To use python in your /home directory, the best thing to do is to install a virtual environment with conda, whose location will be in your home. If you want to do so, the first time you log in, run

module load anaconda
conda init

log out, and log back in to initialize conda. To create a local environment, execute the following lines of code:

conda create -p /home/username/env_name

with env_name the name of your conda environment (you can of course specify the path you want). This allows you to manage your packages locally and install anything you want without perturbing anaconda module installed for everyone. Then, you can enter your environment using

conda activate /home/username/env_name

and install packages as you would usually do.

Examples

$ module load anaconda

Loads anaconda, which contains python and conda.

$ module load julia

Load default version of julia.

$ module load julia/1.6.2

Load julia v1.6.2.

Submitting jobs via sbatch

th-top is not like a standard desktop computer, but it is a system composed by a master server managing 6 nodes, 4 nodes with 20 CPU cores and 2 nodes with 20 CPU cores and 3 GPUs. Running computations on such systems is a bit different than usual, and it will be explained below.
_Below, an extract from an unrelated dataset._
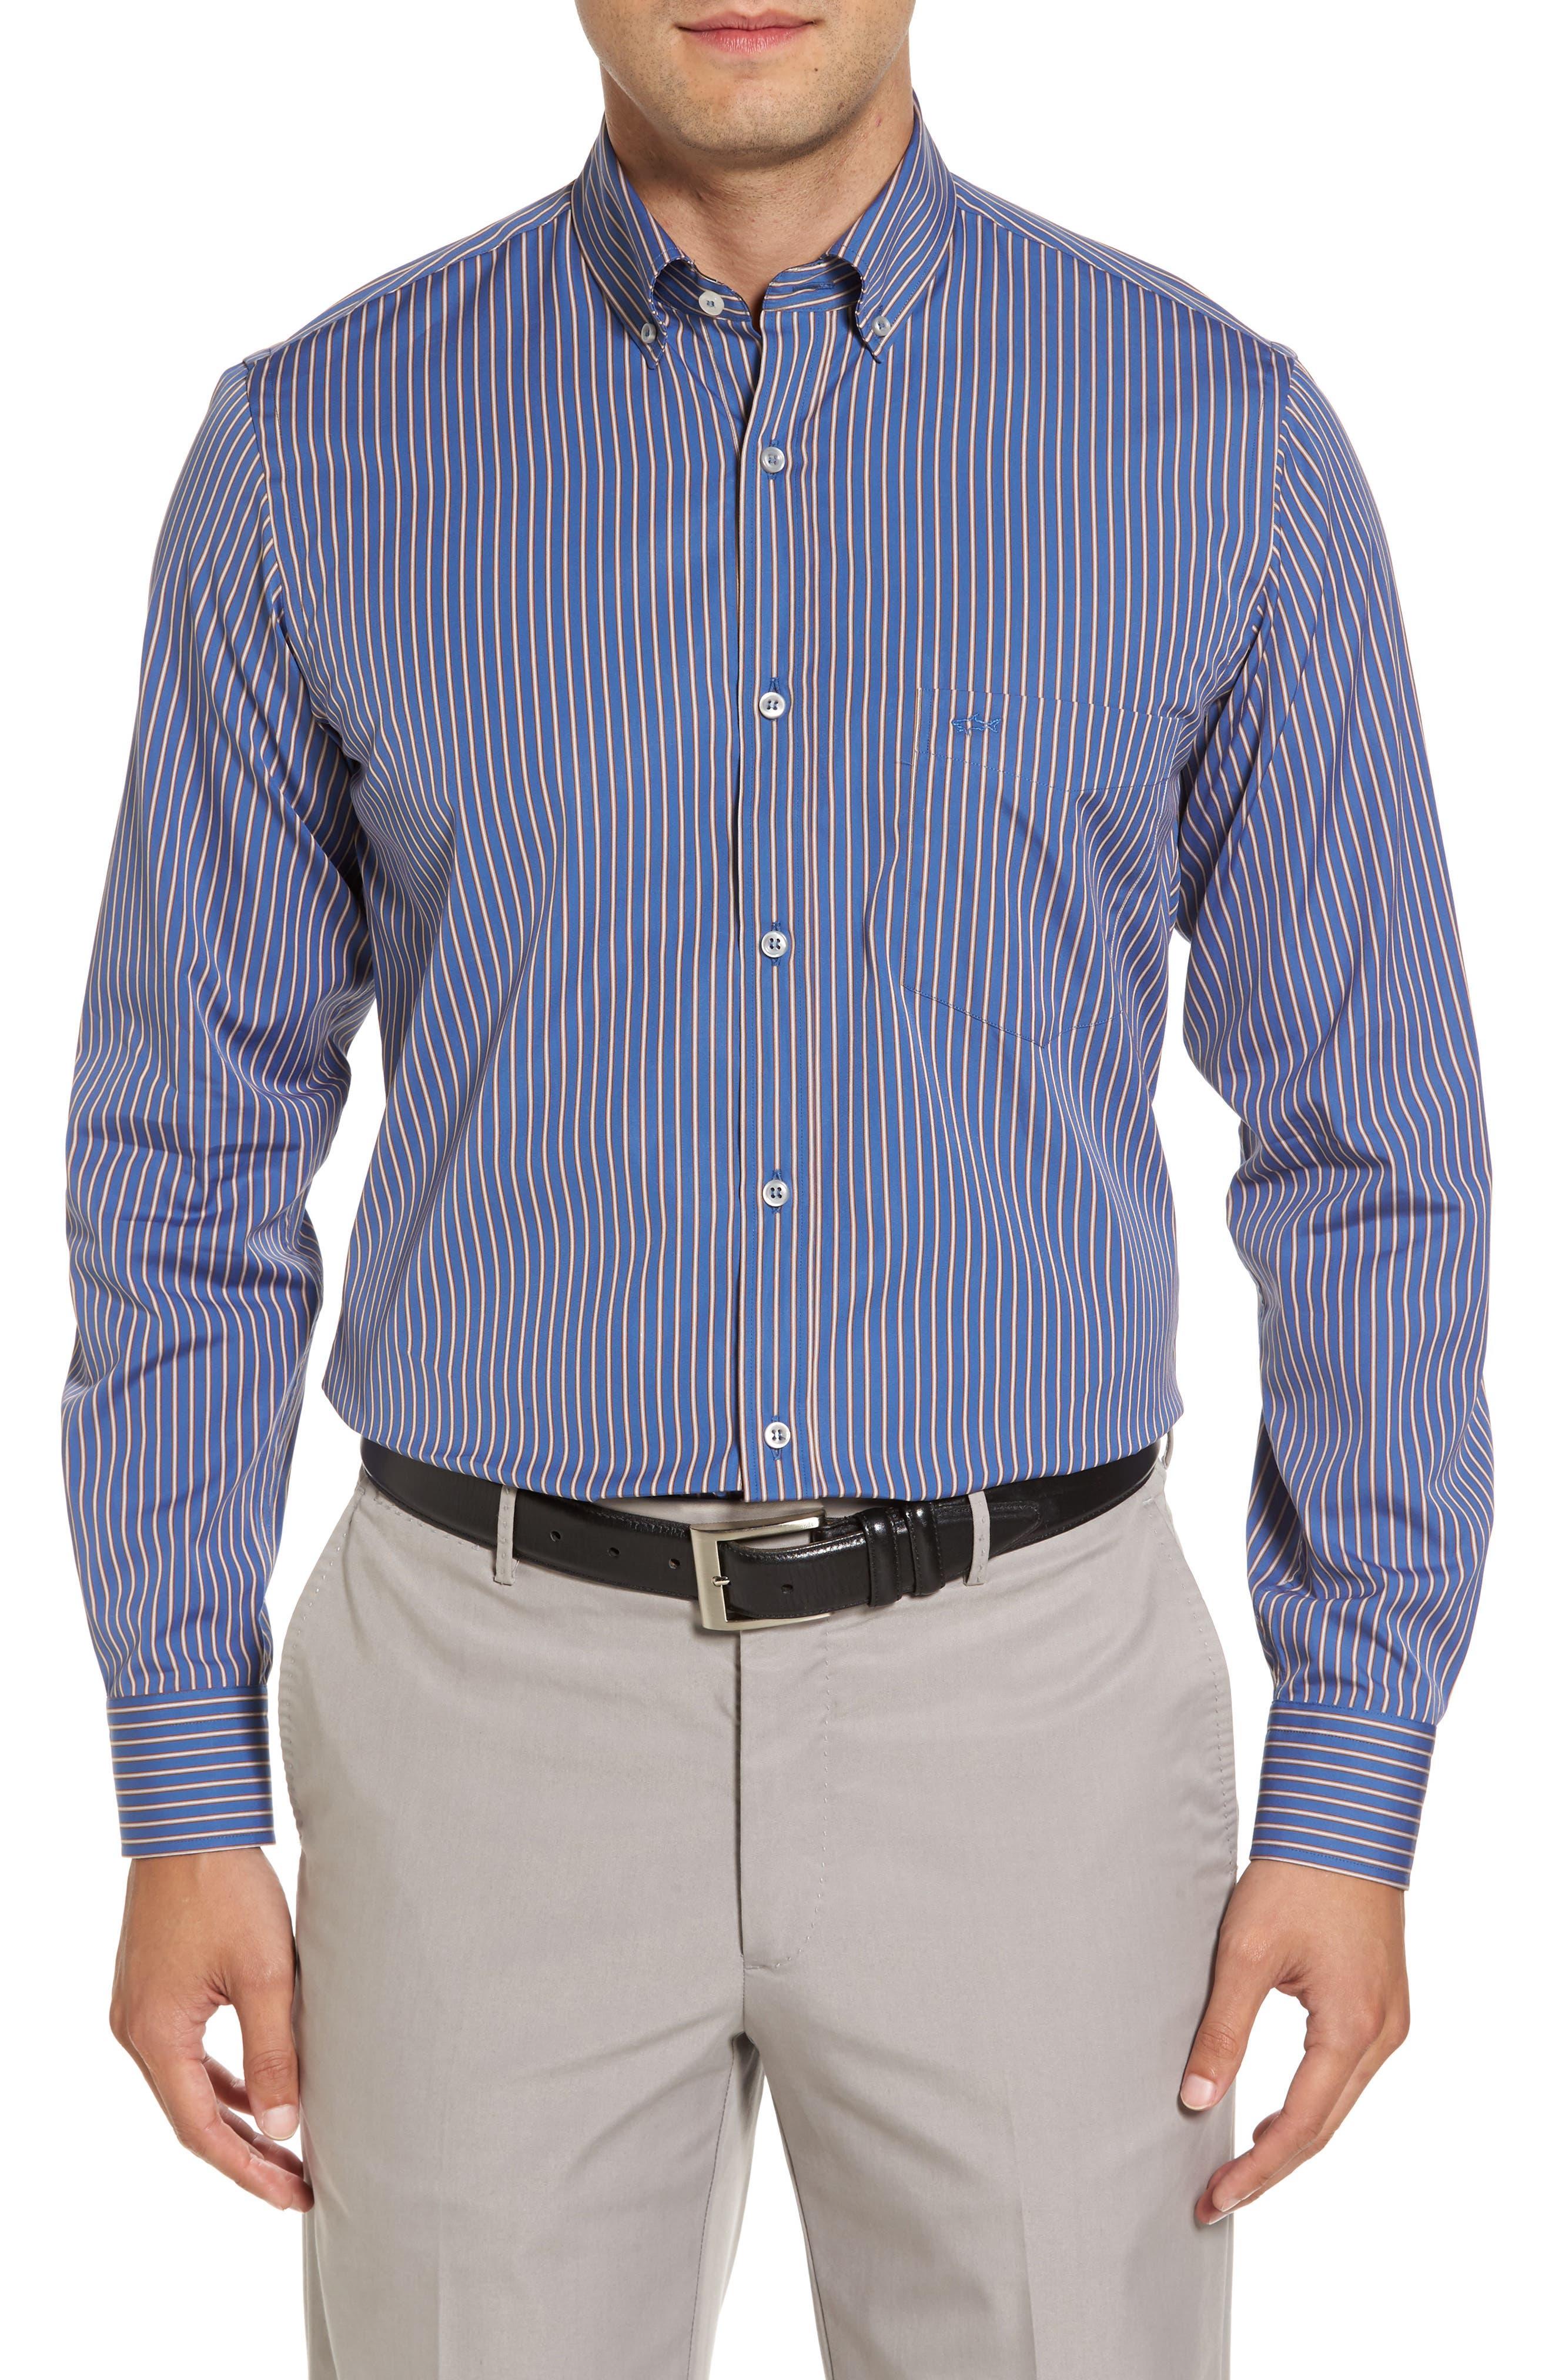 Paul&Shark Striped Sport Shirt,                         Main,                         color, Blue / White

All nodes and the master share the same folders and filesystem. When you log in via ssh you will be connected to the master node.

A computation to be executed on th-top is called a job. A job can be standard, if it does not require user's intervention and is completely specified by a series of commands that the computer can run itself, or it can be interactive, letting you execute operations through the terminal like a standard terminal session on your desktop computer or th-top. When one job is submitted through master, it gets queued till ressources are available and may not start instantly if all nodes are busy.

Launching batch jobs

A batch job is a job that runs autonomously without requiring any human intervention. To submit a batch job, a small bash file containing all the commands to be executed together with information about the ressources to be allocated by master is to be created.

This file, here called e.g. myjob, should look somehow like the following example using julia:

#!/bin/bash

#SBATCH --job-name=name 
#SBATCH -o name.out #file in which the output of code.jl is written
#SBATCH -e name.err #file in which the error log is written
#SBATCH -N 1 #number of compute nodes used 
#SBATCH -n 2 #number of processes used (don't specify if you don't want to parallelize)
#SBATCH --mem=10G #total memory allocated

echo "running a job"
module load julia
julia /home/username/code.jl

To use the GPU queue, add a line with #SBATCH --partition=gpu and if for example you need 2 gpus, add another line #SBATCH --gres=gpu:2. To launch a python script with a local conda environment env_name, replace

module load julia
julia /home/username/code.jl

with

source /opt/ohpc/pub/apps/anaconda3/etc/profile.d/conda.sh
conda activate env_name
python /home/username/code.py

The job can then be launched by running

$ sbatch myjob

Its status can be checked with

$ squeue

which gives something like

JOBID PARTITION     NAME     USER ST       TIME  NODES NODELIST(REASON)
  424       cpu jupyterh username  R       9:44      1 c1

The example job above has JOBID 424, which is used in case you need to cancel your job: scancel 424 (replace the number with your own JOBID).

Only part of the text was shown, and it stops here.